I am currently being asked to identify bad check micr's in each database before they are sent to processing. Once and awhile the OCR that reads the checks will add in artifacts due to bad lighting or a fold in the check are a few examples. Working with a coworker familiar with regex. They were able to provide me with one that will identify a bad micr. This was tested on a regex checker site. My issue is how in the world will I be able to do this in SQL? I have read page after page and cannot find a workable written explanation on using regex in SQL. At least nothing I understand. Here is the regex given to me ^(c[\d-]{1,}c)?(\d)?(d[\d-]{9}d)(c?[\d-]{1,}c)?([\d-]{1,4})?(b\d{1,10}b)?$ . Is this even possible in SQL?
I am using SQL 2016.
May 20, 2018 at 5:05 pm
I would say your only option is to use a CLR to do it.

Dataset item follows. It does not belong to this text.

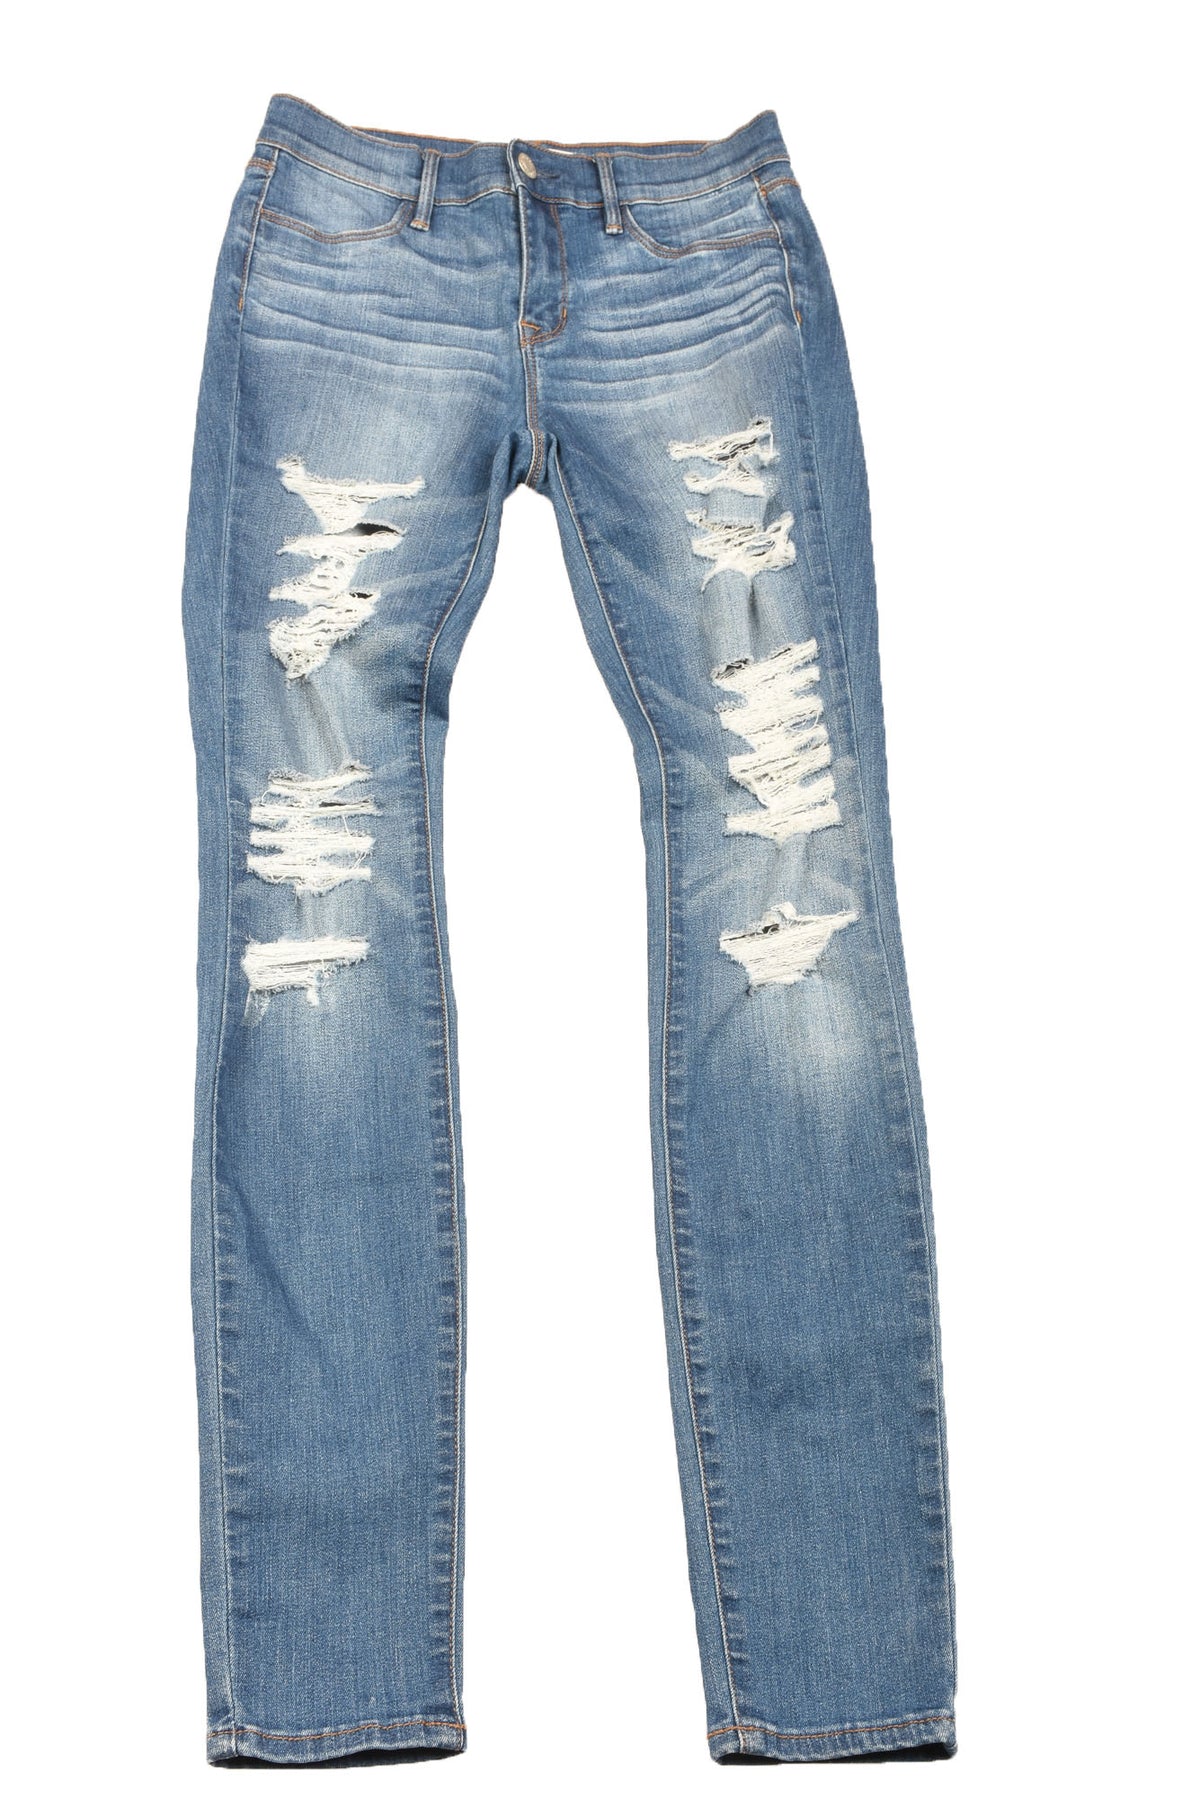 Pacsun Size 25 Long Women&#39;s Jeans
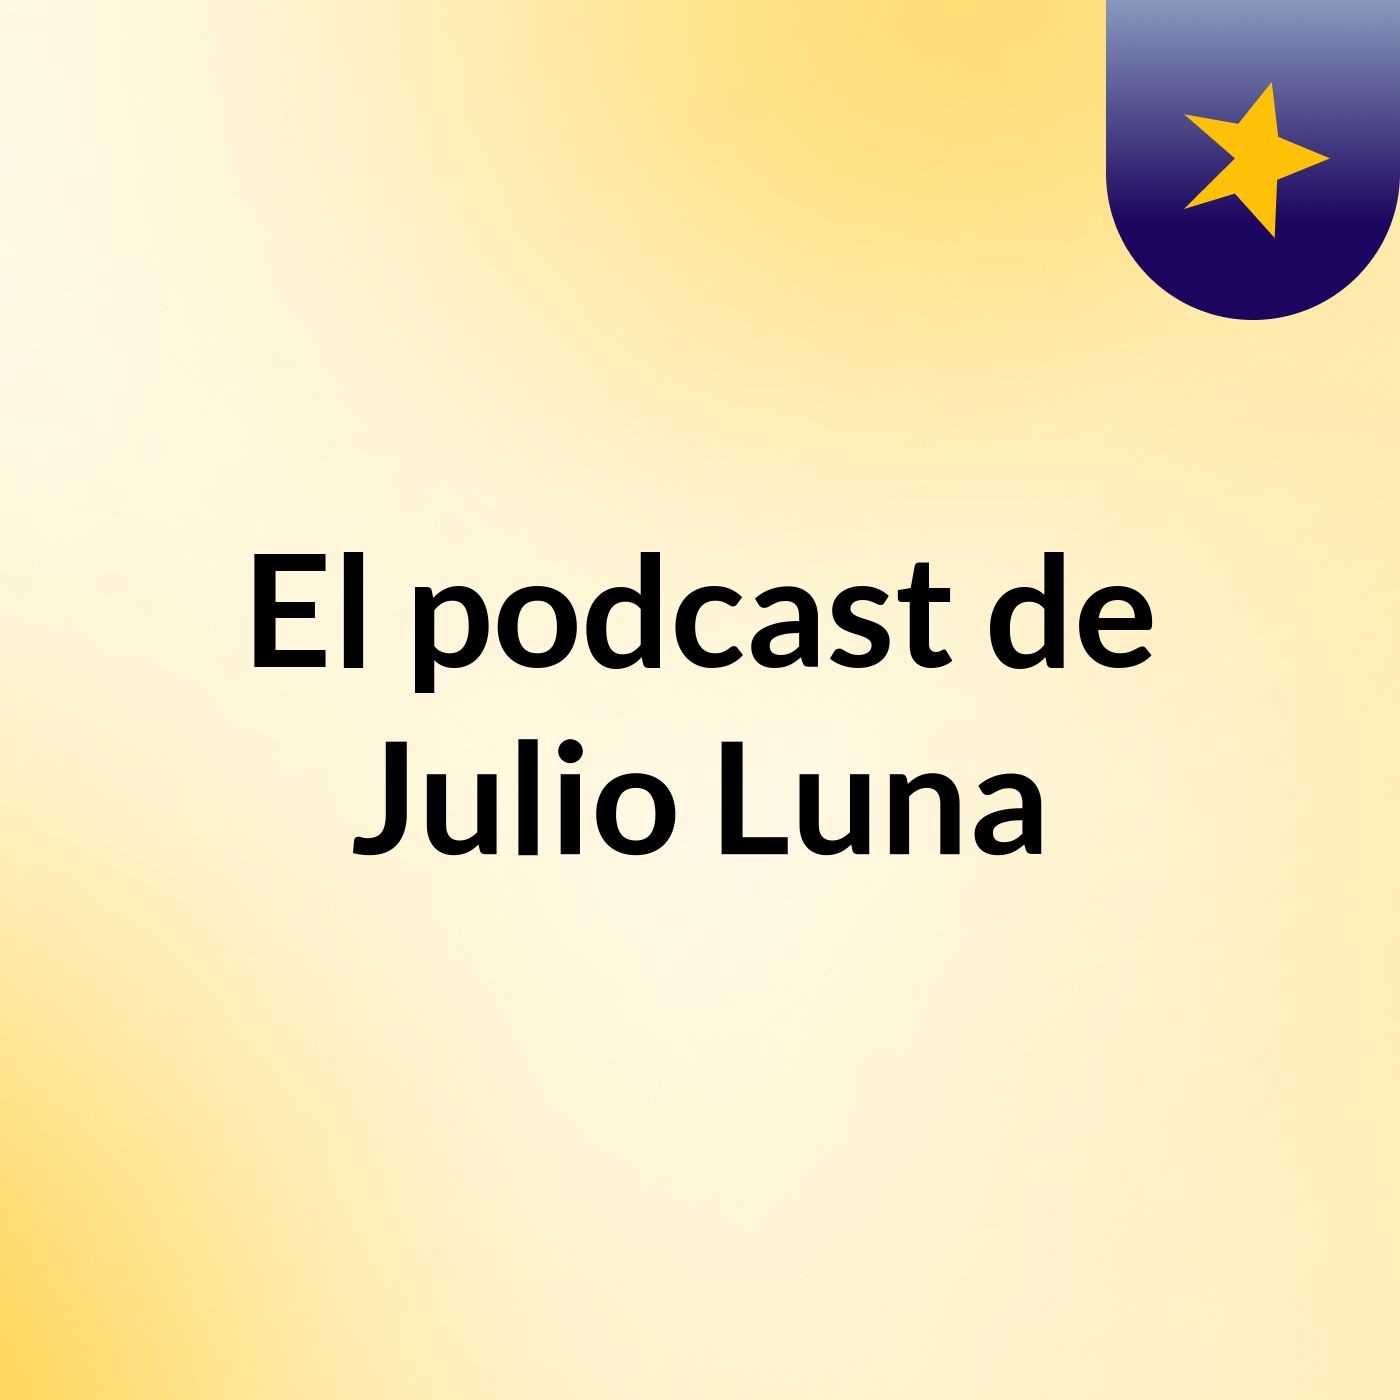 El podcast de Julio Luna

https://www.google.ie/search?q=clr+regex+c%23&oq=regex+clr&aqs=chrome.2.69i57j0l5.5556j0j7&sourceid=chrome&ie=UTF-8 will give you some examples
or eventually R https://www.mssqltips.com/sqlservertip/4748/sql-server-2016-regular-expressions-with-the-r-language/
May 20, 2018 at 7:13 pm
TollHouse - Sunday, May 20, 2018 1:40 PMGreetings,
I am what you will call an accidental DBA. I was a Systems Engineer and now I have to watch over 4 AAG Clusters and 600 DB's. Every once and awhile I am presented with a problem to fix so outside my skill set I just say wow. How in the world can I make this work? I spent days looking for information but cant seem to find anything that has been able to guide me into the correct direction.I am currently being asked to identify bad check micr's in each database before they are sent to processing. Once and awhile the OCR that reads the checks will add in artifacts due to bad lighting or a fold in the check are a few examples. Working with a coworker familiar with regex. They were able to provide me with one that will identify a bad micr. This was tested on a regex checker site. My issue is how in the world will I be able to do this in SQL? I have read page after page and cannot find a workable written explanation on using regex in SQL. At least nothing I understand. Here is the regex given to me ^(c[\d-]{1,}c)?(\d)?(d[\d-]{9}d)(c?[\d-]{1,}c)?([\d-]{1,4})?(b\d{1,10}b)?$ . Is this even possible in SQL?
I am using SQL 2016.
Hold the phone, now... I can't read Regex so you'll have to tell me... does that Regex incorporate a Luhn 10 Checksum check of the bank routing number? If it doesn't, then the Regex check and the bank routing number isn't checked with a Luhn 10 Checksum and isn't played against a full list of back routing numbers, the expense of doing this RegEx check may not be justified.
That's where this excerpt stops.